Meals and groceries: the weekly block system
The question “what are we eating tonight?” comes up several hundred times a year. It generates a daily micro-decision that, when accumulated, represents an underestimated source of fatigue.

The principle of the weekly block is to concentrate meal planning and grocery shopping into a single fixed time slot each week. On Sunday evening or Monday morning, for example, the seven dinners for the week are defined based on a rotation of fifteen to twenty mastered recipes.
The grocery list directly derives from this plan. By ordering online with curbside pickup, the time spent in-store drops to about fifteen minutes. The gain is not only measured in time but also in eliminated decisions: during the week, no one needs to think about the menu anymore.
- Set the same day and time each week to plan meals, without exception
- Compile a repertoire of simple recipes (no more than six ingredients) and alternate them in rotation
- Double the quantities when cooking to freeze a meal ready to reheat midweek
- Order groceries online from the same store to reuse previous lists
This system does not require being naturally organized. It requires making a decision only once, then repeating it without questioning.

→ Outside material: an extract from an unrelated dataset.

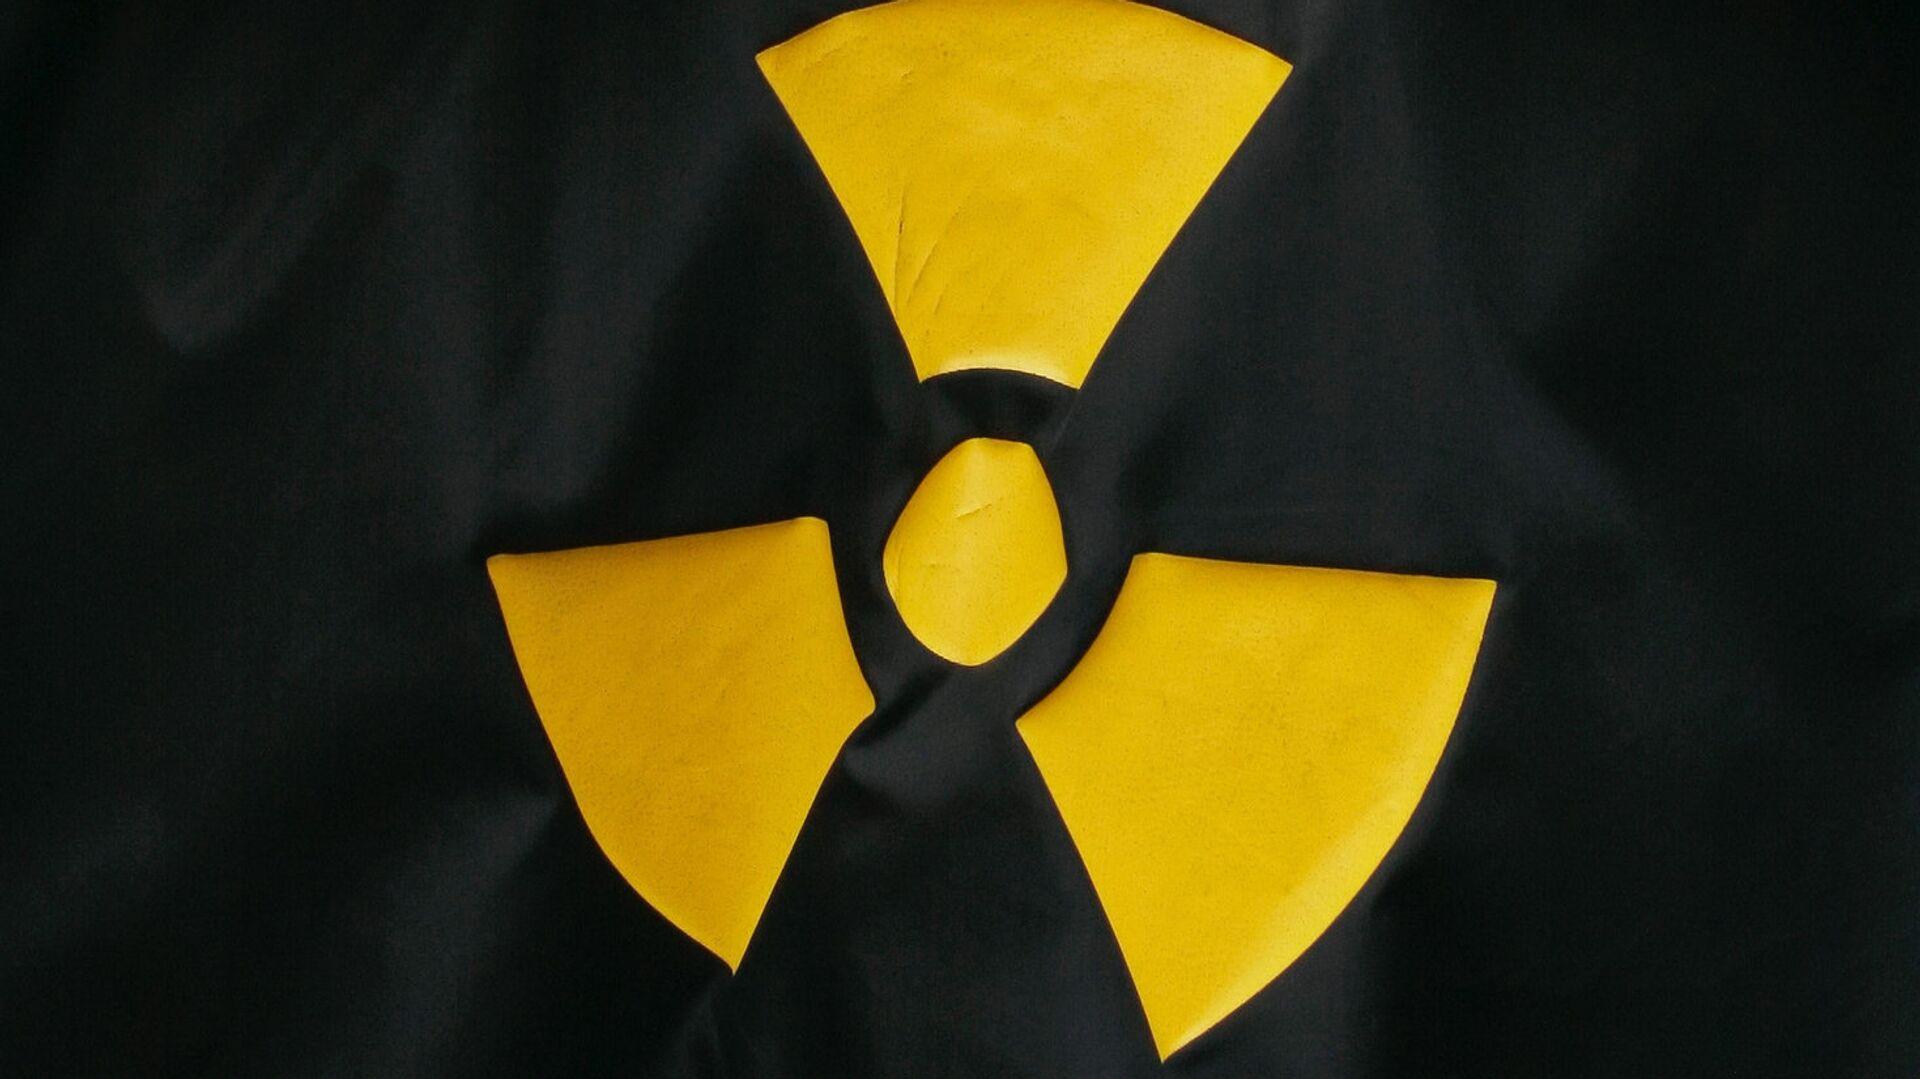 Traje de protección contra la radiación - Sputnik Mundo, 1920, 13.04.2021
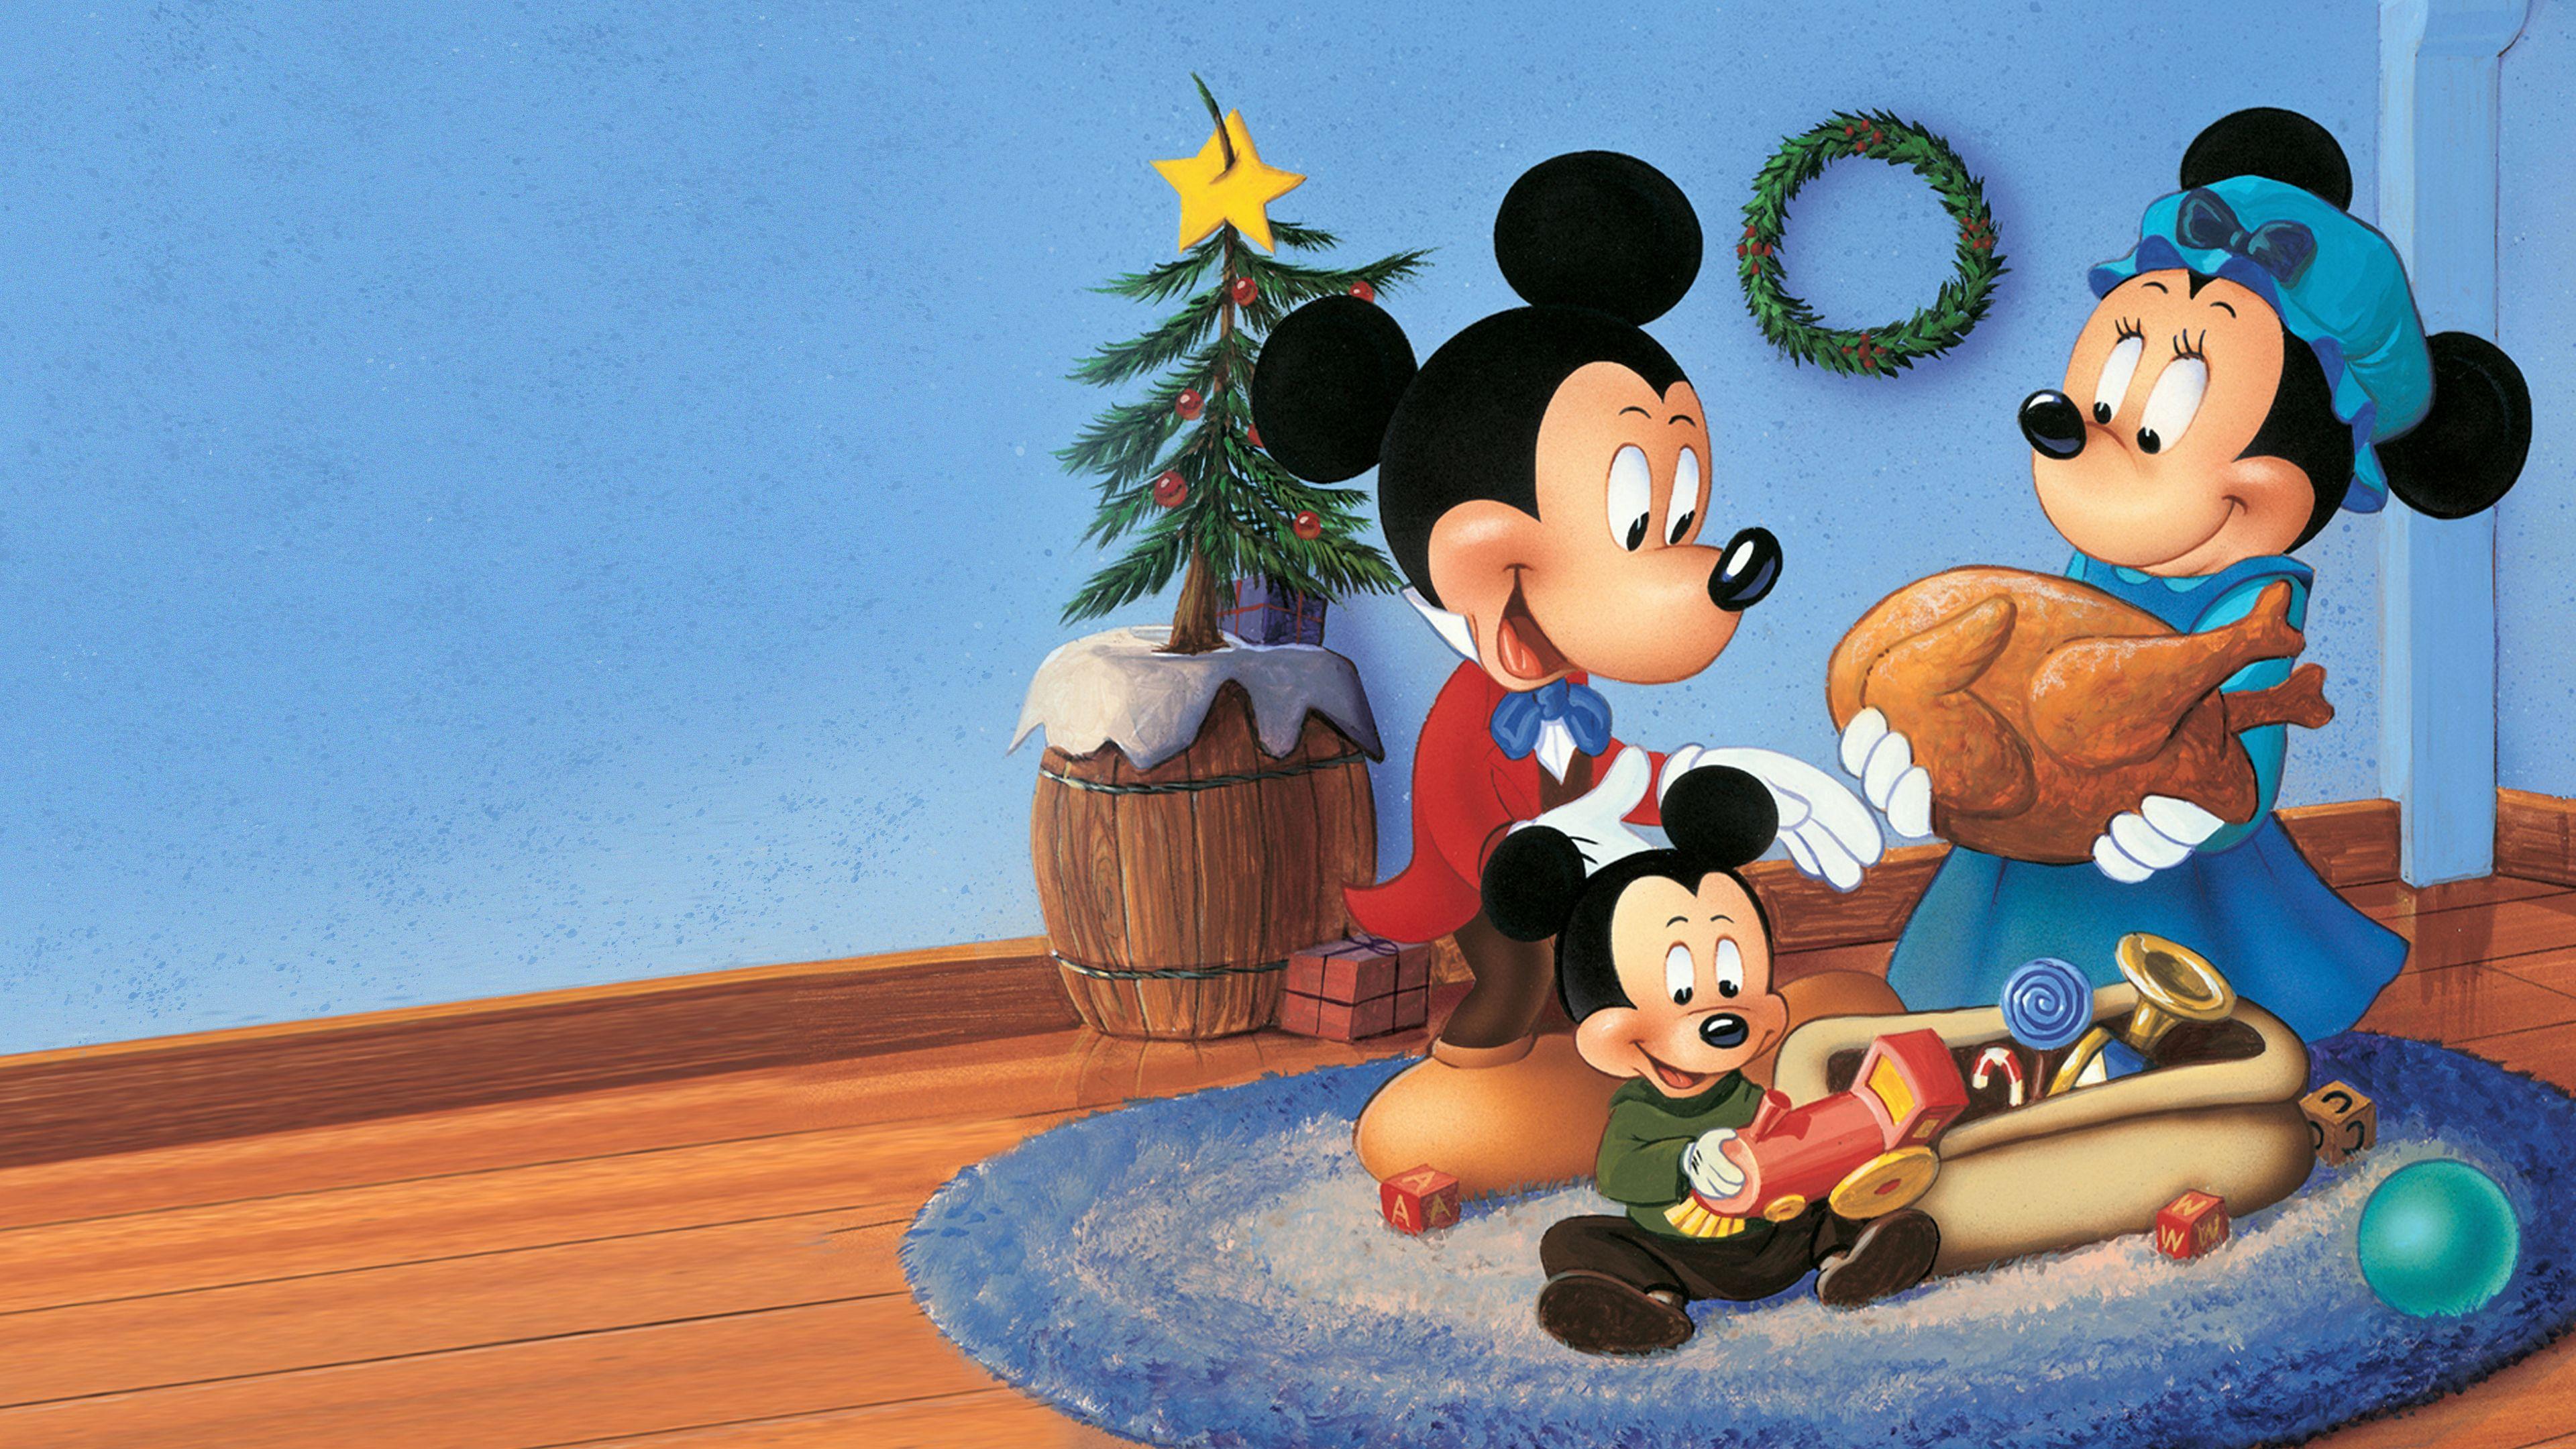 オリジナル Christmas Carol Movie Disney - カゼザナモ

Remote work and parenting: a lever to handle with care
Working from home seems to offer ideal flexibility for managing the unexpected: sick child, daycare strike, medical appointment in the middle of the day. In practice, reports published by Eurofound in 2024 on hybrid work show that remote work blurs the boundaries between professional and family life to the point of sometimes increasing the mental load rather than reducing it.
The main problem: when the office is at home, laundry, dishes, and children’s requests are constantly visible. The brain never fully switches to work mode, nor completely to parent mode.
For remote work to remain an advantage:
- Define non-negotiable time slots where the office door remains closed, even if the child is at home with another adult
- Do not use “breaks” to start a load of laundry or tidy up the kitchen, as these micro-tasks fragment concentration
- Physically separate the workspace from the family space, even with a simple room divider or noise-canceling headphones
Remote work concretely helps eliminate commuting time and regain flexibility in childcare schedules. However, without strict boundaries, it turns every day into a simultaneous double shift.
Evening routines: reducing friction for the next morning
Chaotic mornings are not resolved in the morning. They are resolved the night before. Preparing for the next day between 8 PM and 9 PM eliminates most decisions and forgetfulness that generate morning stress.

Specifically, this means laying out the children’s clothes on a chair (choosing them with them to avoid morning negotiations), placing backpacks and daycare bags near the door, and checking that snack boxes are ready in the refrigerator.
This evening routine works because it shifts the effort to a time when the time pressure is low. At 8:30 PM, missing five minutes doesn’t delay anything. At 7:45 AM, those same five minutes can cause a chain delay throughout the day.
A detail often overlooked: keys, wallet, and badge must have a unique and fixed location. Searching for keys for three minutes every morning amounts to more than fifteen hours lost over a year, and especially an unnecessary spike in cortisol at the start of the day.
Asking for help without waiting for the breaking point
Parental exhaustion cannot be resolved solely through better routines. When fatigue becomes chronic, when irritability sets in, or when the joy of being with one’s children diminishes, these signals deserve medical attention. The WHO recommendations from 2024 emphasize the importance of early screening, including beyond the immediate postpartum period.
Reaching out to one’s circle, accepting that a meal may be imperfect, or delegating a task even if it will be done less well is not a philosophical letting go. It is a management decision that protects the ability to sustain over time. Mothers who maintain a sustainable pace over several years are those who set boundaries early, not those who carried everything alone for as long as possible.